→ TO DO
Every line from the one holding "Sierra Leonean vs" through the one holding "For information ahead" in the data below must be returned exactly, both ends included, with pictures left out and nothing else added.

→ DATA SUPPLIED
-=-=-

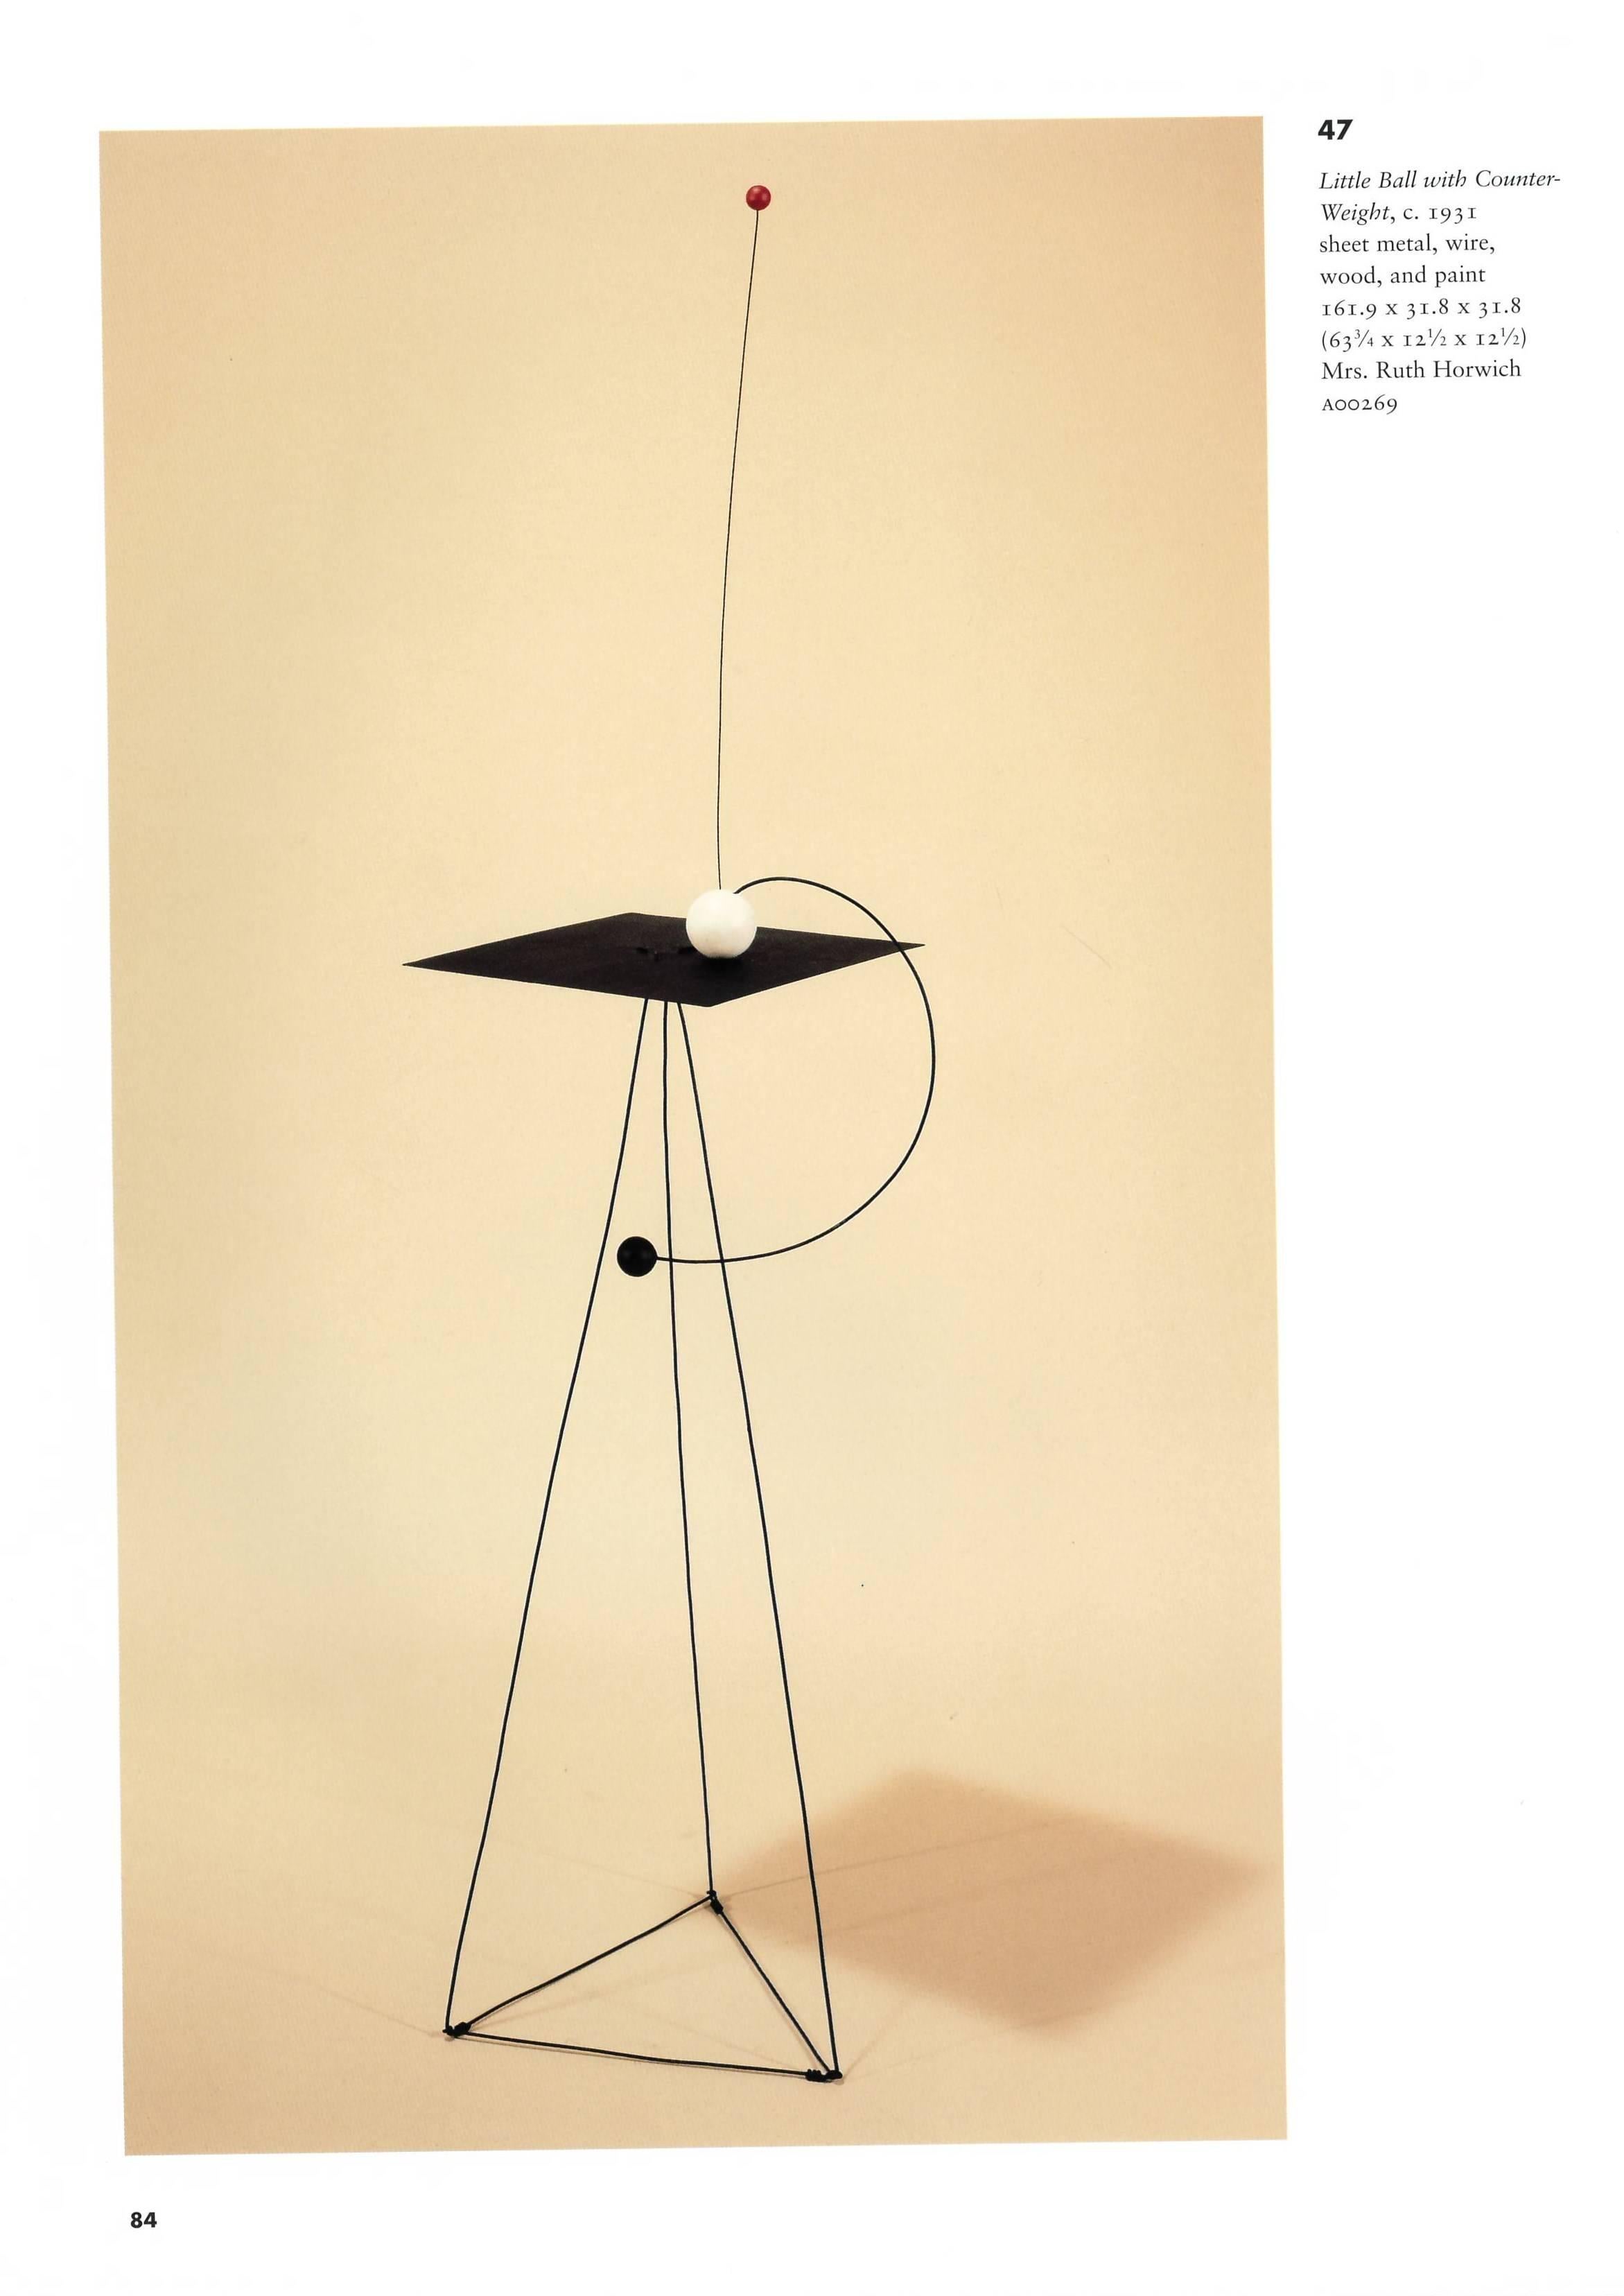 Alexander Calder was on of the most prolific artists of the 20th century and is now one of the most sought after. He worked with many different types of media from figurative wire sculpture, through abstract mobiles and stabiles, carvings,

-=-=-

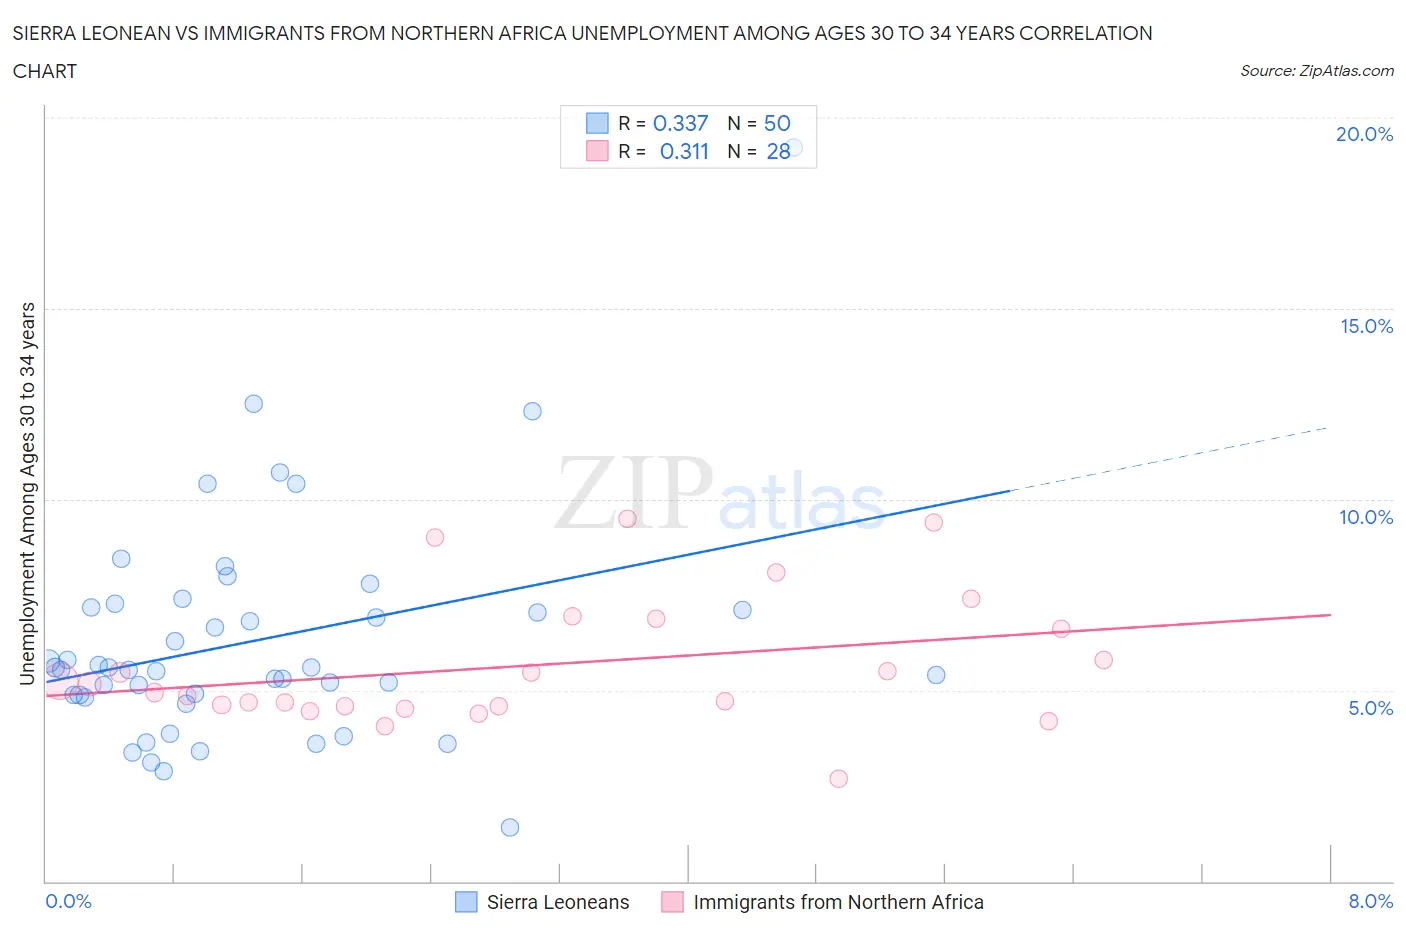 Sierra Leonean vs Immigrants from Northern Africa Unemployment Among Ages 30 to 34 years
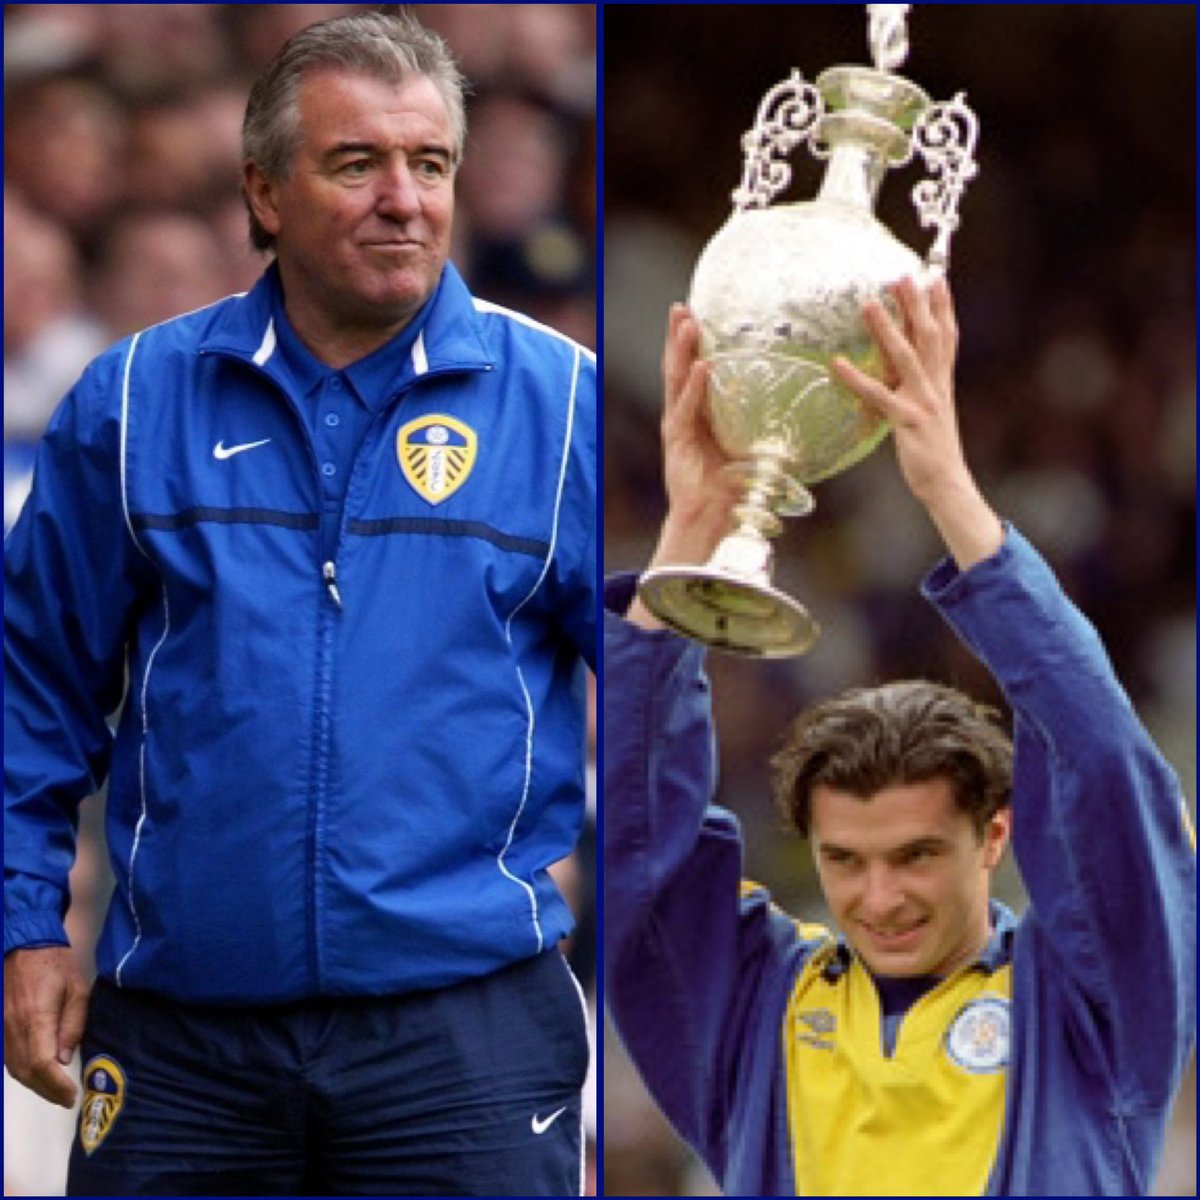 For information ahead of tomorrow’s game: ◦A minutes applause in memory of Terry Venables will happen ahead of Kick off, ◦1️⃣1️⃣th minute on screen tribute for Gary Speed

-=-=-

→ RESPONSE TO THE EXERCISE
 Sierra Leonean vs Immigrants from Northern Africa Unemployment Among Ages 30 to 34 years
 For information ahead of tomorrow’s game: ◦A minutes applause in memory of Terry Venables will happen ahead of Kick off, ◦1️⃣1️⃣th minute on screen tribute for Gary Speed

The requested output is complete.